Así me sucedía con lo que le hurté a mi pobre
amo; pero como los remordimientos interiores rara vez se conocen en la
cara, procuré asentar mi conducta de buen médico en
aquel pueblo, prometiendo interiormente restituirle al doctor todos
sus muebles en cuanto tuviera proporción. Bien que en esto no
hacía yo más que ir con la corriente.

Como no se me habían olvidado aquellos principios de
urbanidad que me enseñaron mis padres, a los dos días
luego que descansé me informé de quiénes eran los
sujetos principales del pueblo, tales como el cura y sus vicarios, el
subdelegado y su director, el alcabalero, el administrador de correos,
tal cual tendero y otros señores decentes; y a todos ellos
envié recado con el bueno de mi patrón y Andrés,
ofreciéndoles mi persona e inutilidad.

Con la mayor satisfacción recibieron todos la noticia
correspondiendo corteses mi cumplimiento, y haciéndome mis
visitas de estilo, las que yo también les hice de noche vestido
de ceremonia, quiero decir, con mi capa de golilla, la golilla misma y
mi peluca encasquetada, porque no tenía traje mejor ni peor,
siendo lo más ridículo que mis medias eran blancas, todo
el vestido de color y los zapatos abotinados, con lo que
parecía más bien alguacil que médico; y para
realzar mejor el cuadro de mi ridiculez, hice andar conmigo a
Andrés con el traje que le compré, que os acordareis que
era chupa y medias negras, calzones verdes, chaleco encarnado,
sombrero blanco y su capotillo azul rabón y remendado.

Ya los señores principales me habían visitado,
según dije, y habían formado de mí el concepto
que quisieron; pero no me había visto el común del
pueblo vestido de punta en blanco ni acompañado de mi escudero;
mas el domingo que me presenté en la iglesia vestido a mi modo
entre médico y corchete, y Andrés entre tordo y perico,
fue increíble la distracción del pueblo, y creo que
nadie oyó misa por mirarnos, unos burlándose de nuestras
extravagantes figuras, y otros admirándose de semejantes
trajes.
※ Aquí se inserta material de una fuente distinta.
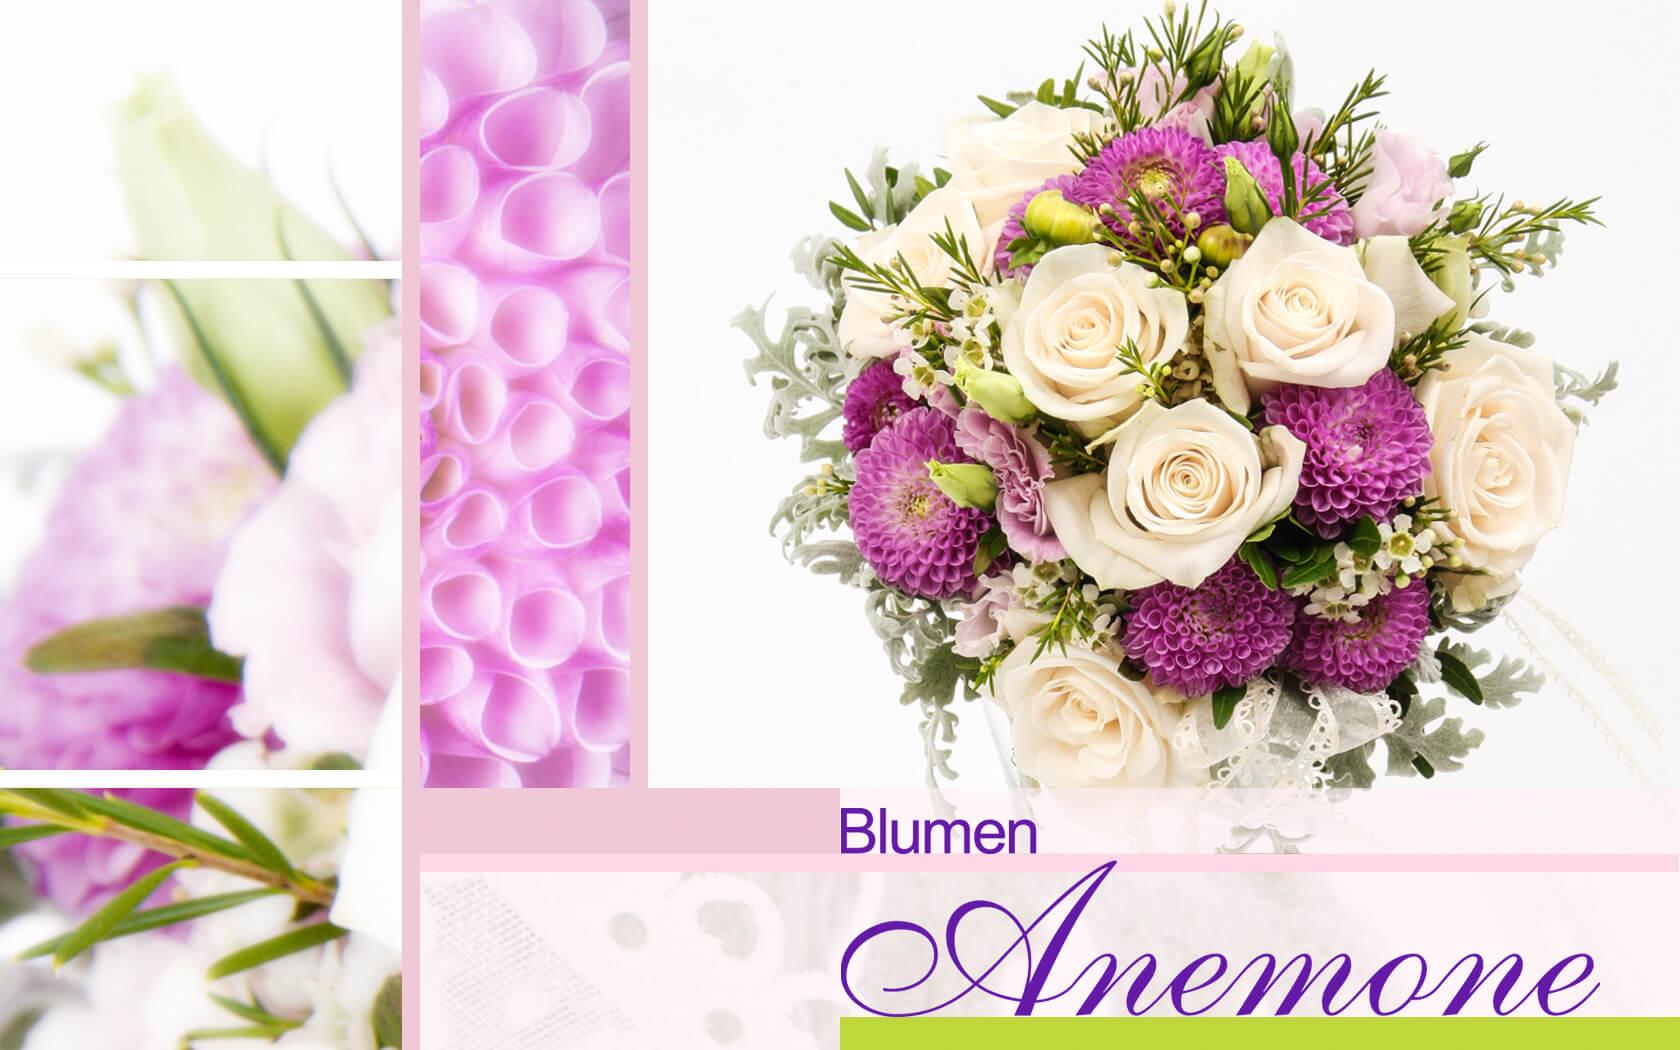 Blumen Munchen Blumen Anemone Munchen

Lo cierto es que cuando volví a mi posada fue
acompañado de una multitud de muchachos, mujeres, indios,
indias y pobres rancheros que no cesaban de preguntar a Andrés
¿quiénes éramos? Y él muy mesurado les
decía: este señor es mi amo, se llama el señor
doctor don Pedro Sarmiento, y médico como él no lo ha
parido el reino de Nueva España; y yo soy su mozo, me llamo
Andrés Cascajo y soy maestro barbero, y muy capaz de afeitar a
un capón, de sacarle sangre a un muerto y desquijarar a un
león si trata de sacarse alguna muela.

Estas conversaciones eran a mis espaldas, porque yo a fuer de amo
no iba lado a lado con Andrés, sino por delante y muy gravedoso
y presumido escuchando mis elogios; pero por poco me hecho a
reír a dos carrillos cuando oí los despropósitos
de Andrés, y advertí la seriedad con que los
decía, y la sencillez de los muchachos y gente pobre que
nos seguía colgados de la lengua de mi lacayo.

Llegamos a la casa entre la admiración de nuestra comitiva,
a la que despidió el tío Bernabé con buen modo
diciéndoles que ya sabían dónde vivía el
señor doctor para cuando se les ofreciera. Con esto se fueron
retirando todos a sus casas y nos dejaron en paz.

De los mediecillos que me sobraron compré por medio del
patrón unas cuantas varas de pontiví y me hice una
camisa y otra a Andrés, dándole a la vieja casi el resto
para que nos dieran de comer algunos días, sin embargo del
primer ajuste.

Como en los pueblos son muy noveleros, lo mismo que en las
ciudades, al momento corrió por toda aquella comarca la noticia
de que había médico y barbero en la cabecera, y de todas
partes iban a consultarme sobre sus enfermedades.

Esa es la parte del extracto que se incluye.